Most of us feel, intuitively, that we do remain the same person from decade to decade. But how can that be if our bodies aren’t the same? Why do we feel this continuity so strongly? One big reason is because of our memories. The bio-bits come and go, but the pattern of information coursing through our brains remains largely consistent. In a fundamental way, then, we are our memories.

Yet, few of us really understand how memory works. We rely on misleading analogies or folk theories, or we simply remain oblivious and take it all for granted: memories bubble up so easily inside us, so effortlessly, that we rarely pause to consider just what a miracle they are.

Well, no more. After reading Adventures in Memory, you’ll fully appreciate what a complex, beautiful, and intricate thing memory is. Indeed, in the hands of Hilde and Ylva Østby, memory is more than a simple repository of our selves. It’s a creative force—something dynamic that actively shapes our thinking. It has all the rich, layered complexity of human beings themselves.

What makes the book unique is the double-barreled perspective the Østby sisters bring. Unlike, say, electrons or black holes, memory is both an objective and a subjective phenomenon. We need to understand the neurotransmitters and electrical firing patterns involved, but memory is a lived thing too. We need both sides—in other words, the literary and the scientific—to make sense of memory. It’s therefore reassuring to know that Hilde Østby is a novelist and her sister Ylva a neuroscientist. Imagine if another sibling pair—William James the famous psychologist and Henry James the brilliant novelist—had combined forces, and you can see what a valuable perspective this combination provides.

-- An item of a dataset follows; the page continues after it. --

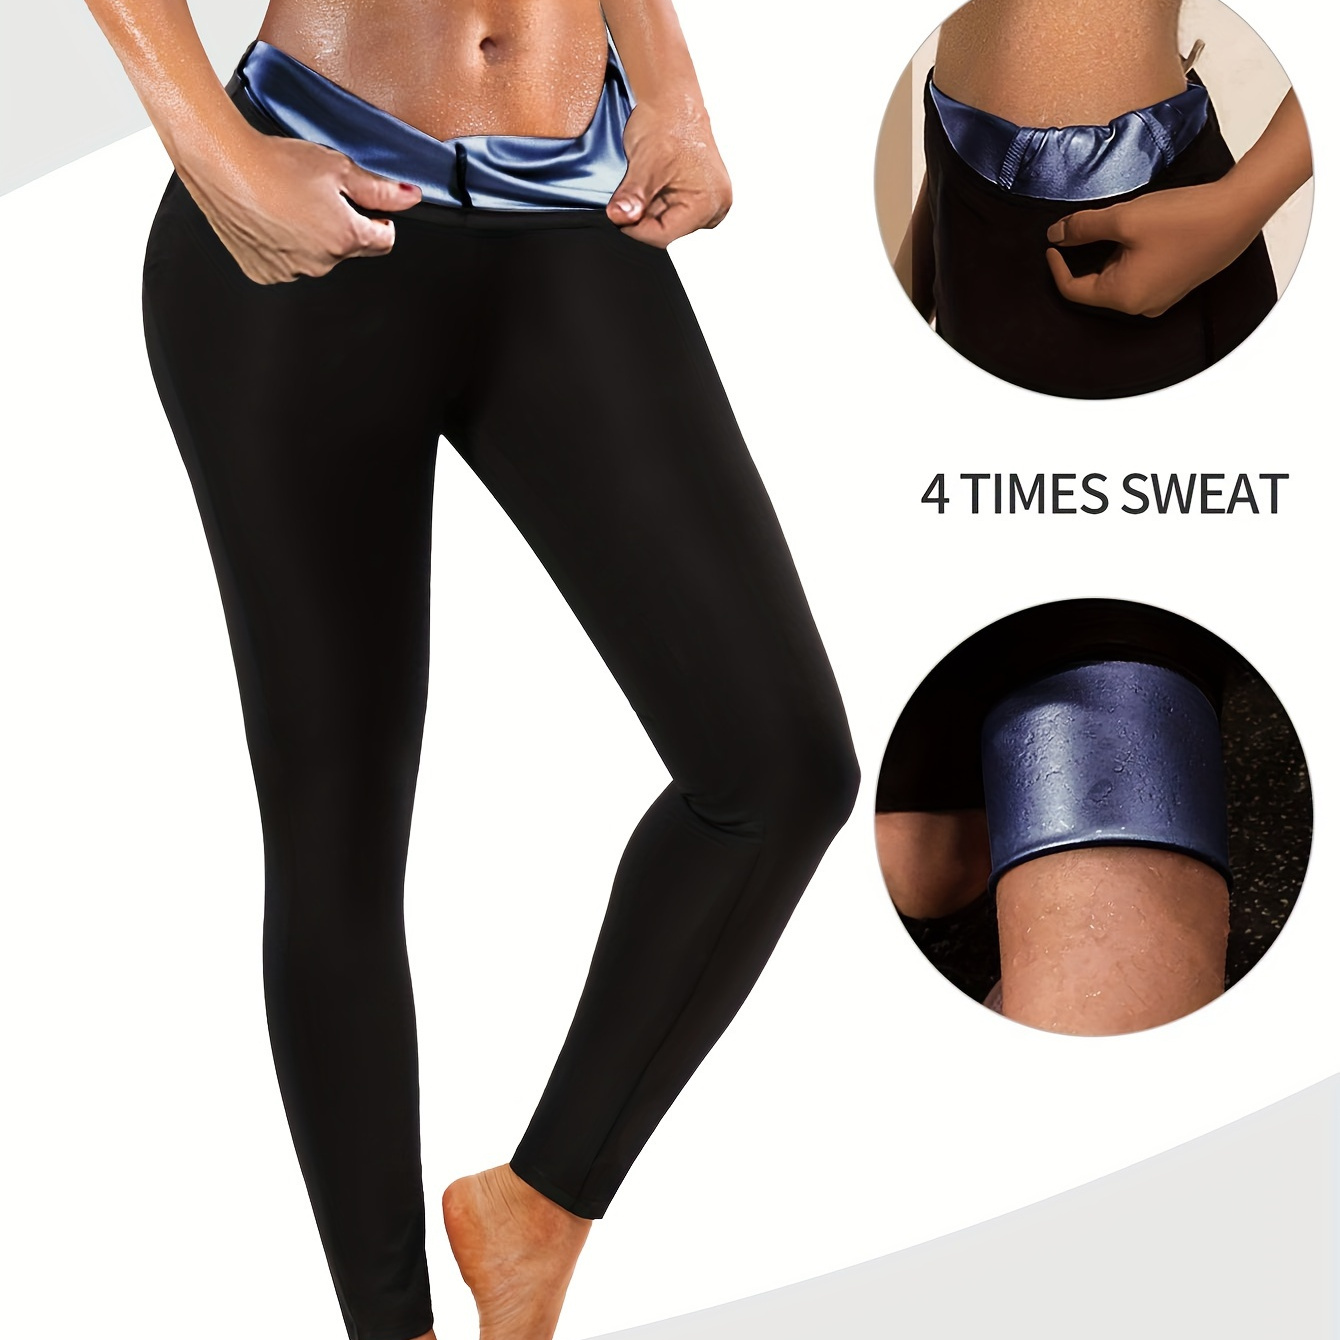 

Women's Sweat Sauna Pants, Athletic Full-season Workout Yoga Fitness Leggings, Heat Retention Increase Sweating Waist And Thigh Shaper, Water-resistant And Windproof Material For Fall & Winter
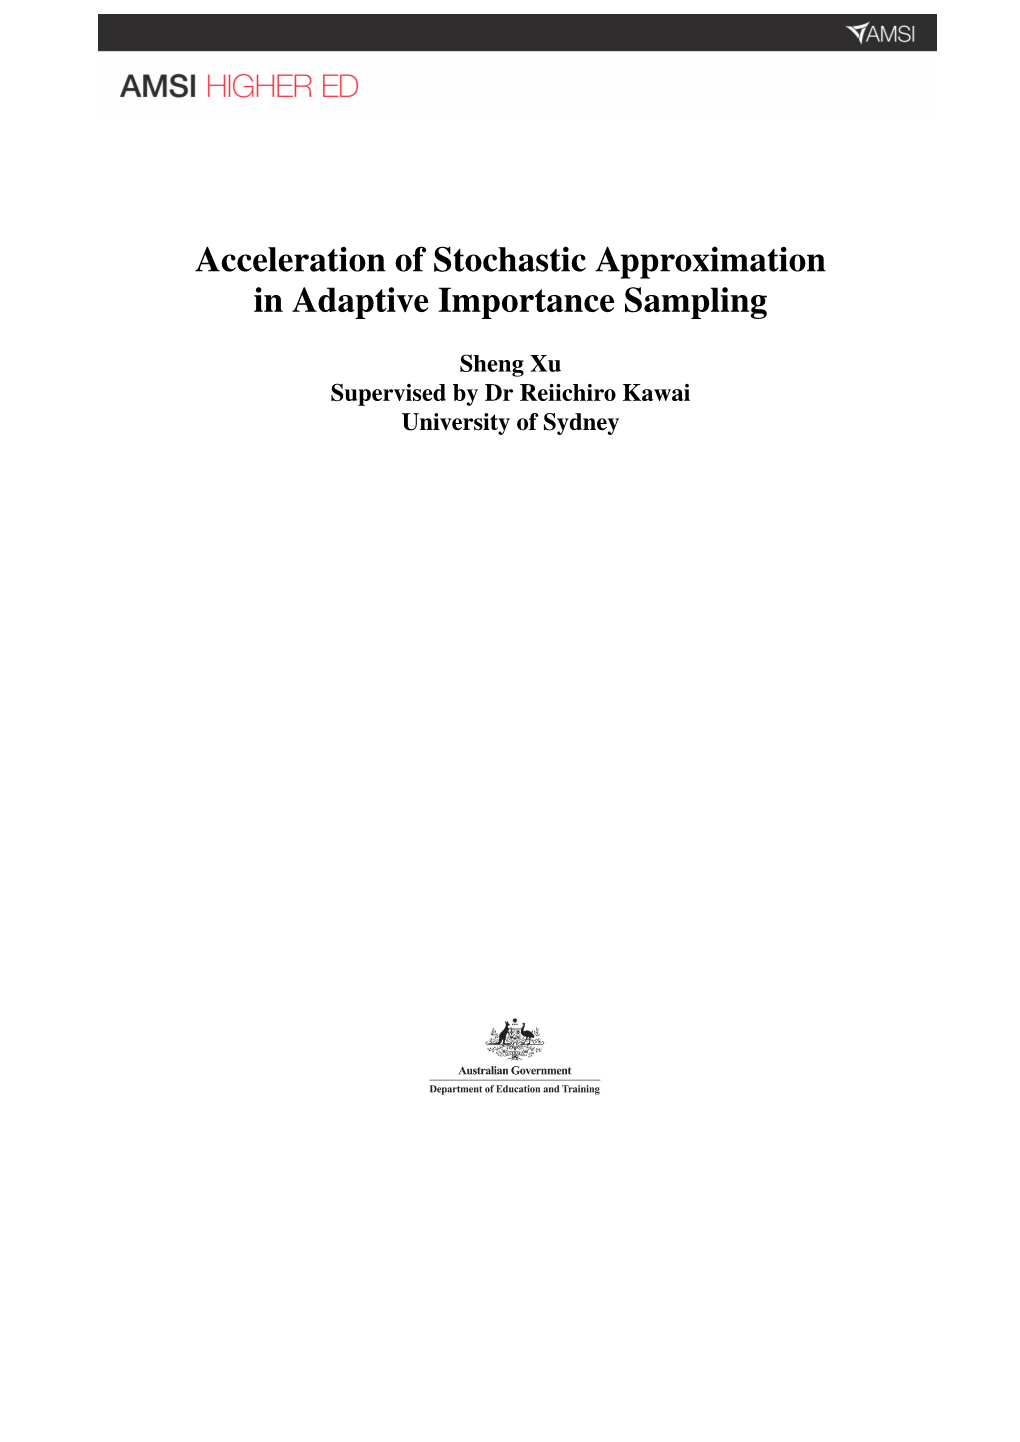 Acceleration of Stochastic Approximation in Adaptive Importance Sampling

We usually think about science as ultra-rational, but it’s an intensely human activity as well. And it’s especially important to see that human side when studying memory, since it does influence our sense of self so profoundly. In exploring how memory works, then, Adventures in Memory is really a dive into your innermost self—the most intimate aspects of your being. And when you surface from this dive, you’ll never see the world, or your own self, in quite the same way again.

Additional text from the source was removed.